[Opening Information provided section]

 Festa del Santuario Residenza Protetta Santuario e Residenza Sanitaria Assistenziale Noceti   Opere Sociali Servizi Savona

[Closing Information provided section]
[Opening Information provided section]

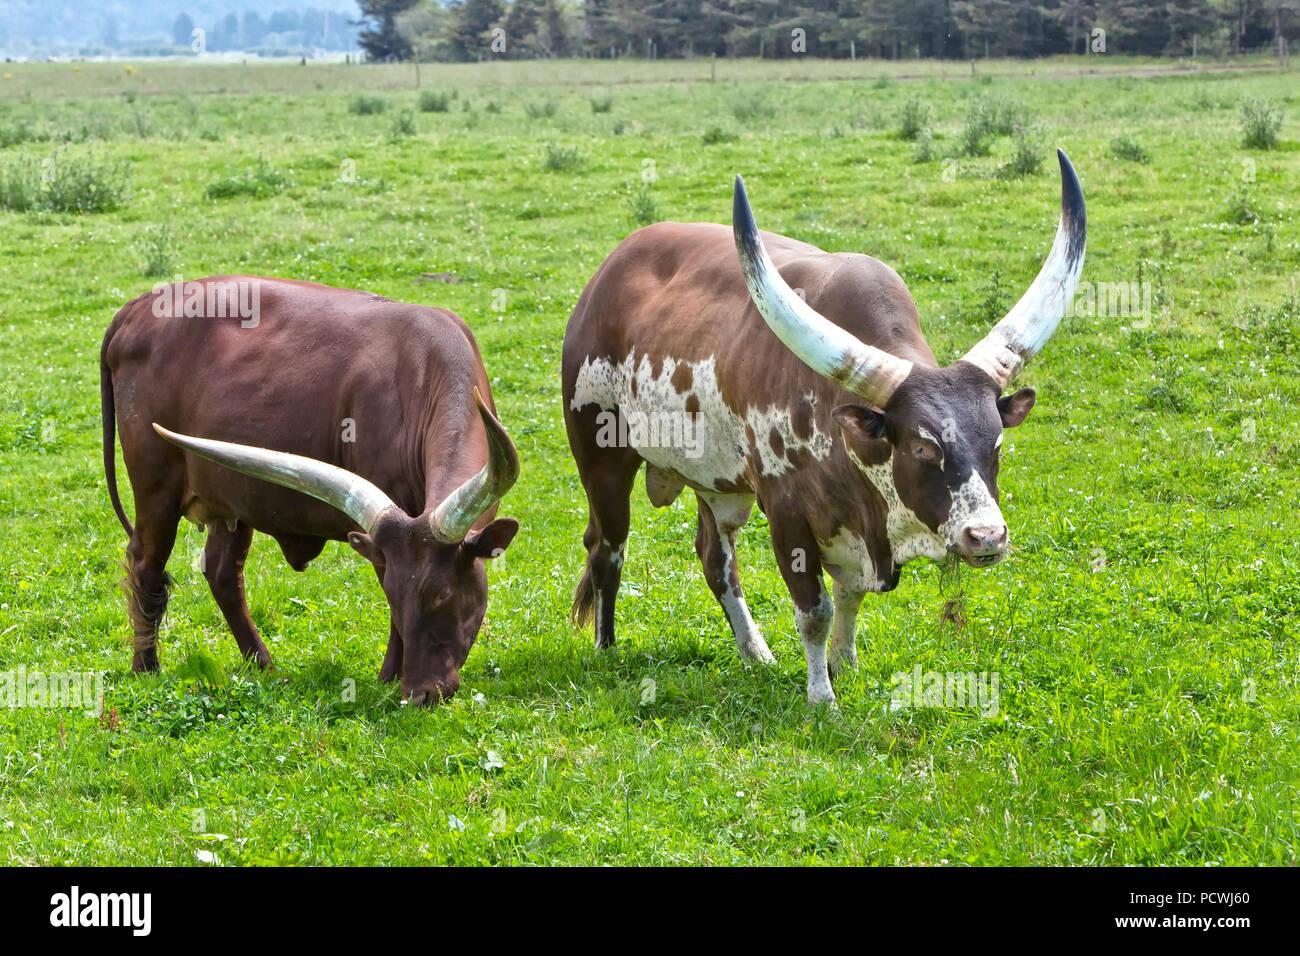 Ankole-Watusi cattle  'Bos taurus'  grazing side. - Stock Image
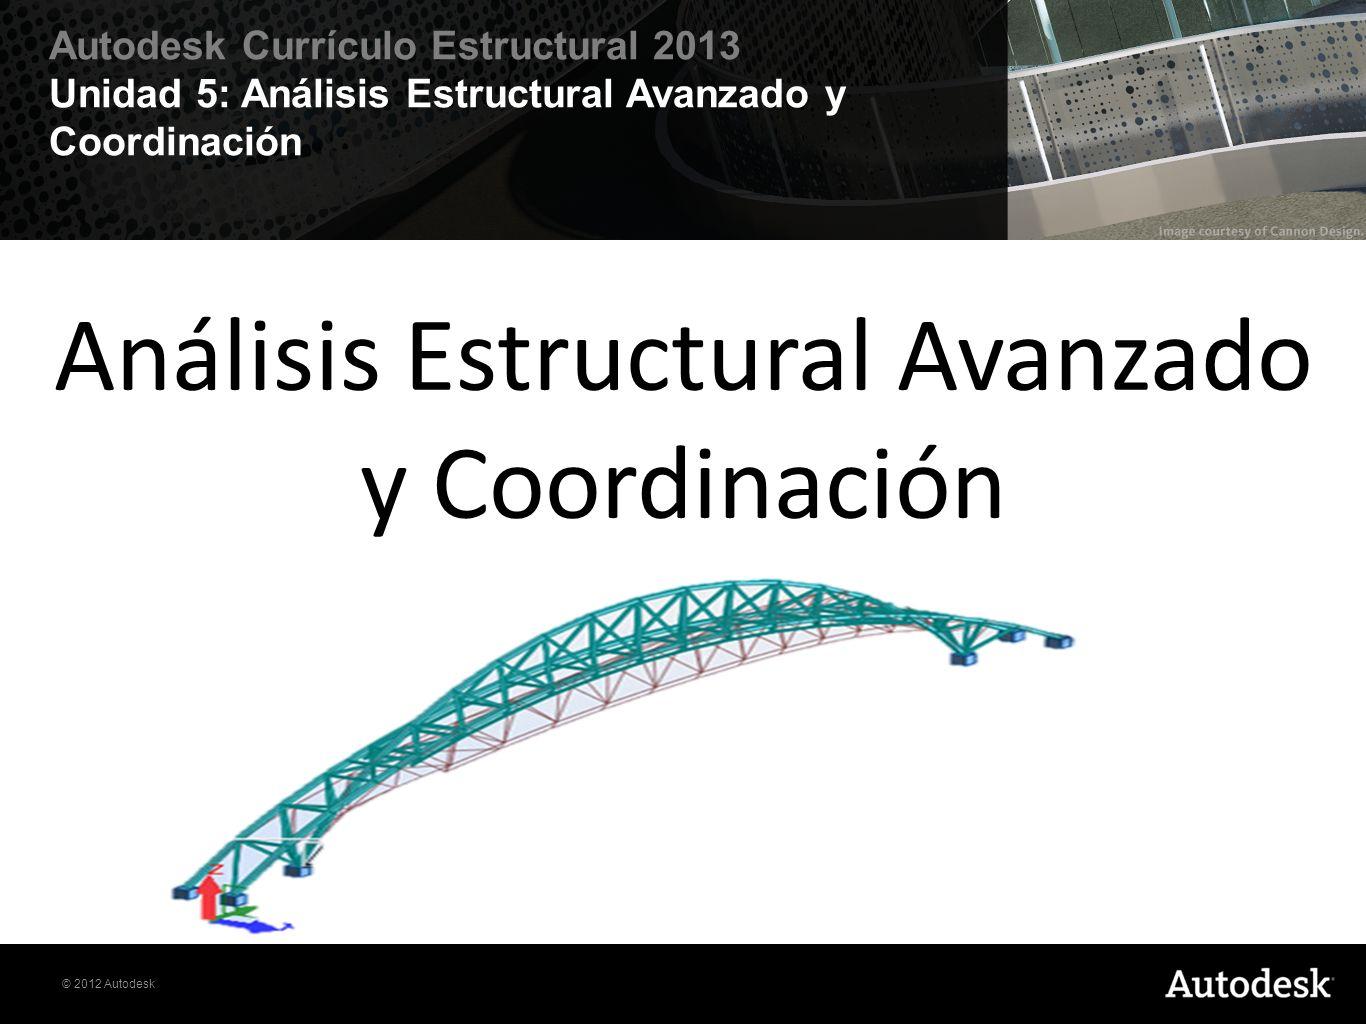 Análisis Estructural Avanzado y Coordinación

[Closing Information provided section]
[Opening Information provided section]

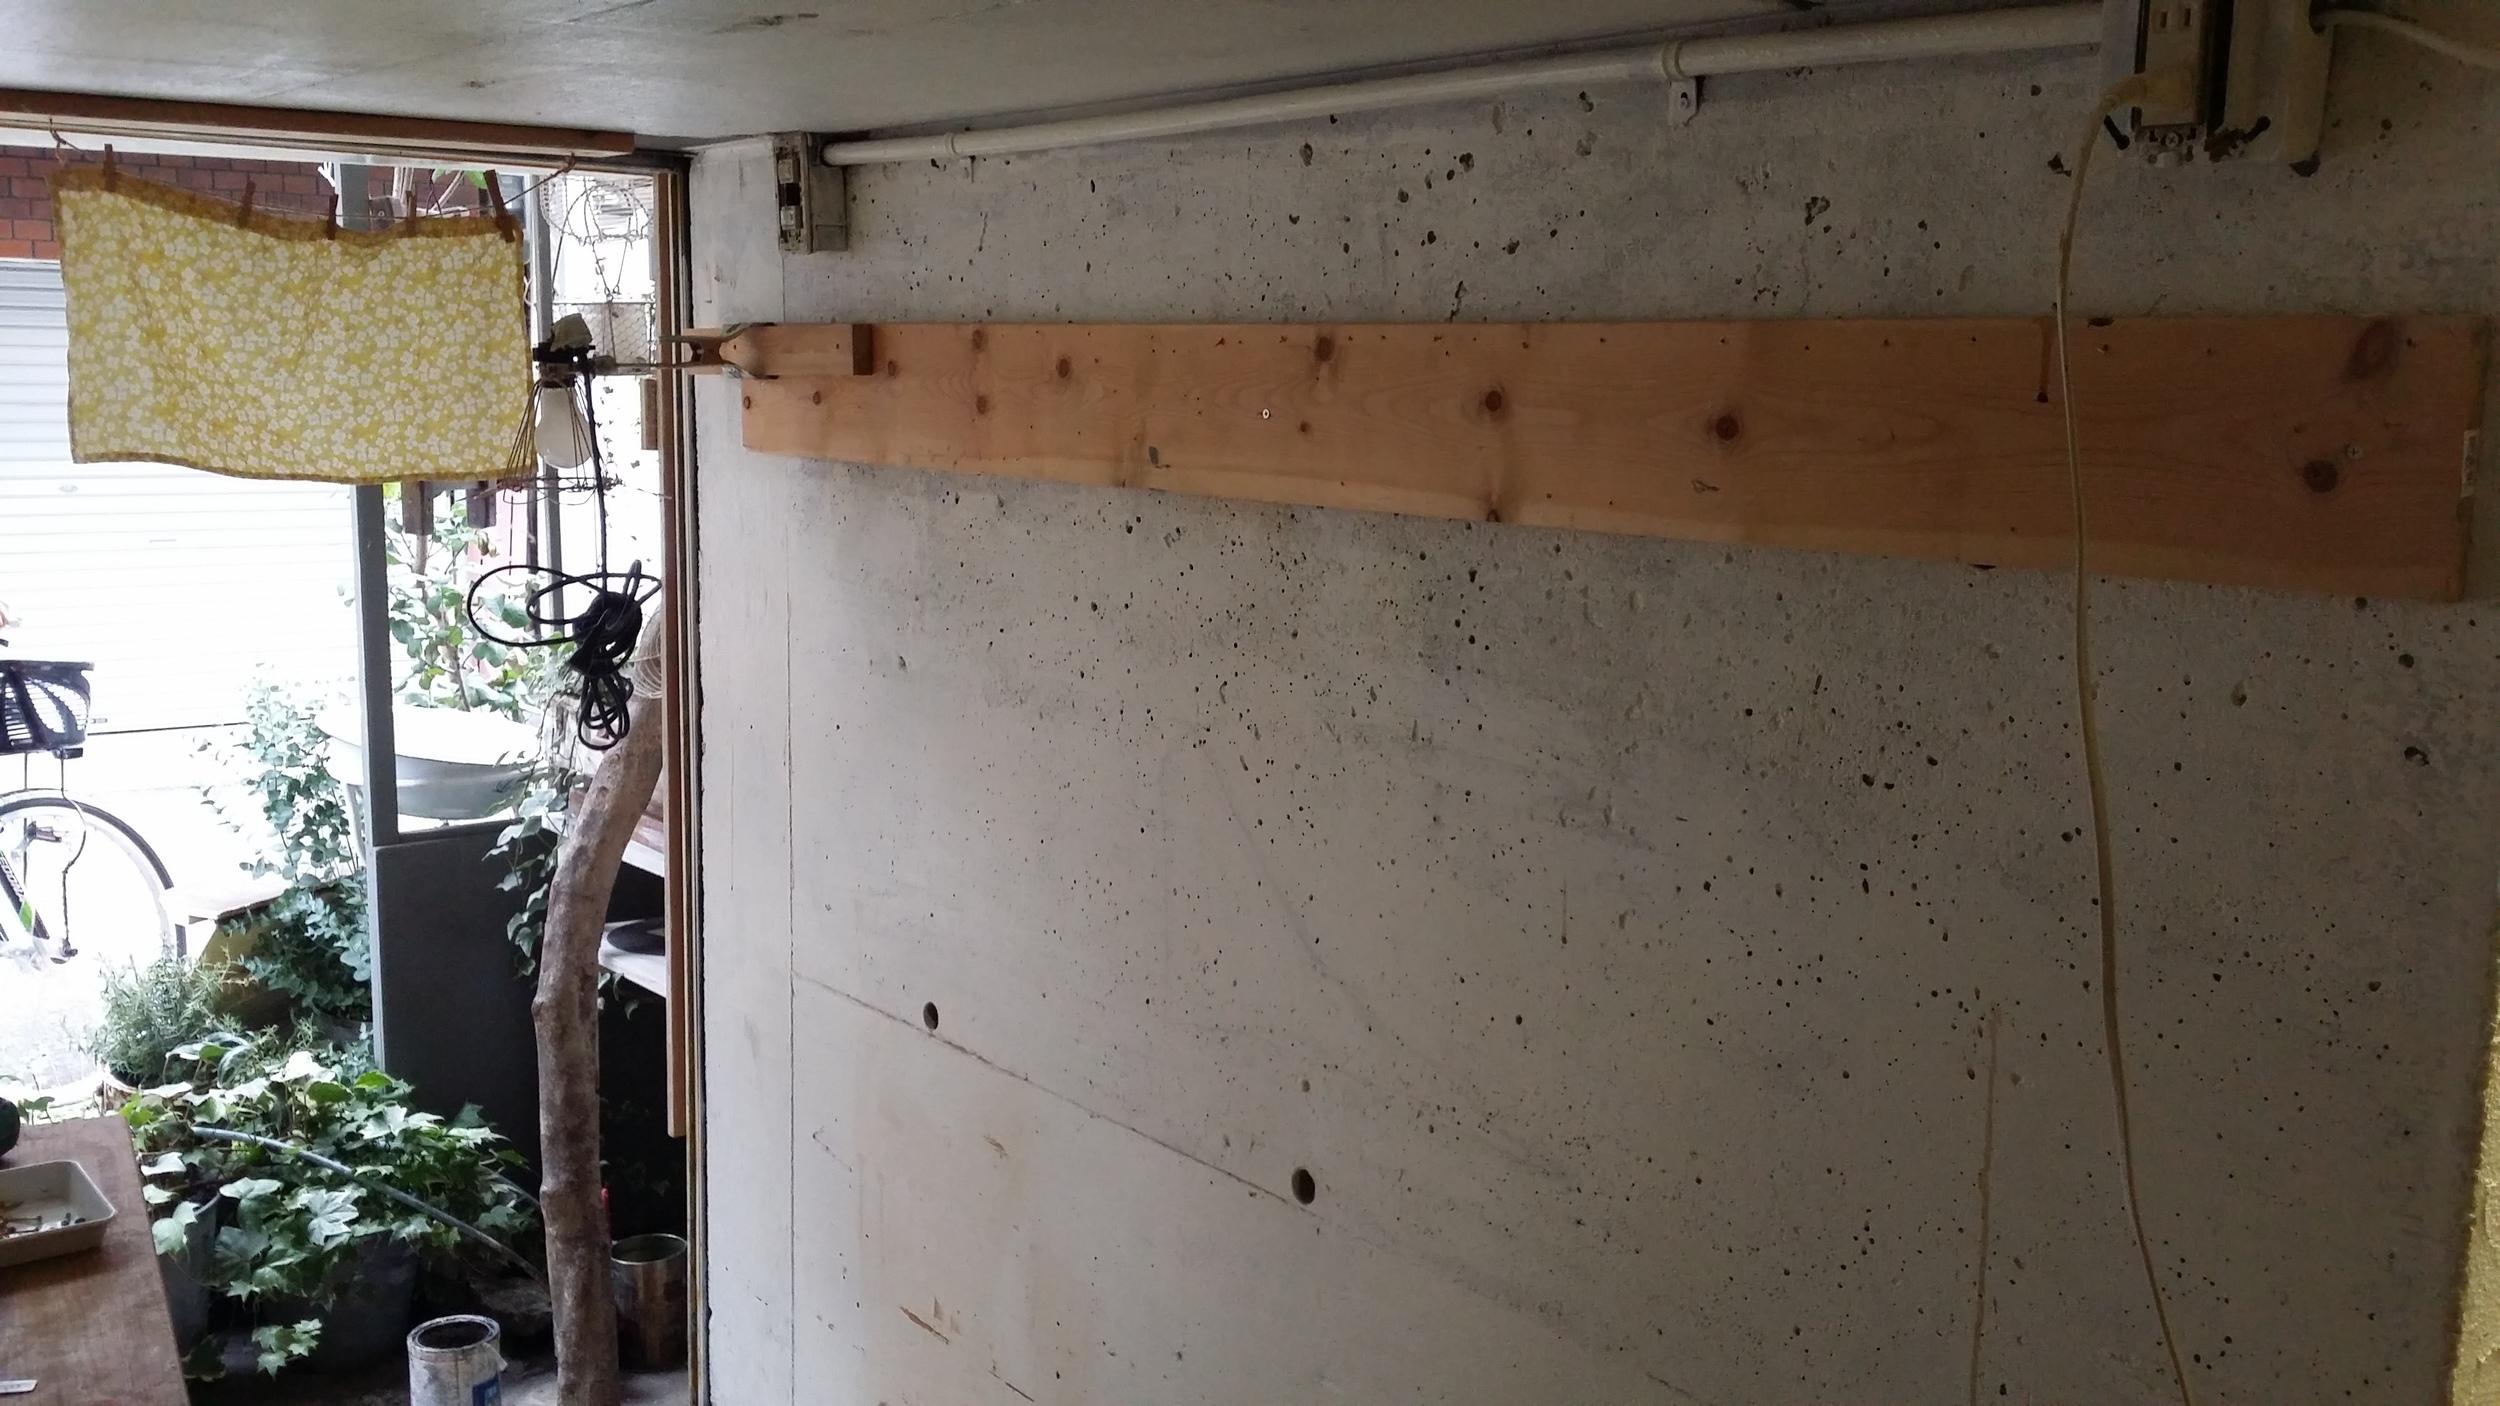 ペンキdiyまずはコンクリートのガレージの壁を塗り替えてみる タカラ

[Closing Information provided section]

- **Instructions for the task**
Using the records above, repeat exactly the run of lines that starts with the line with "- Stock Image" and goes on through the line with "Análisis Estructural Avanzado y Coordinación"; omit each picture.

- **Answer to this task**
 Ankole-Watusi cattle  'Bos taurus'  grazing side. - Stock Image
 Análisis Estructural Avanzado y Coordinación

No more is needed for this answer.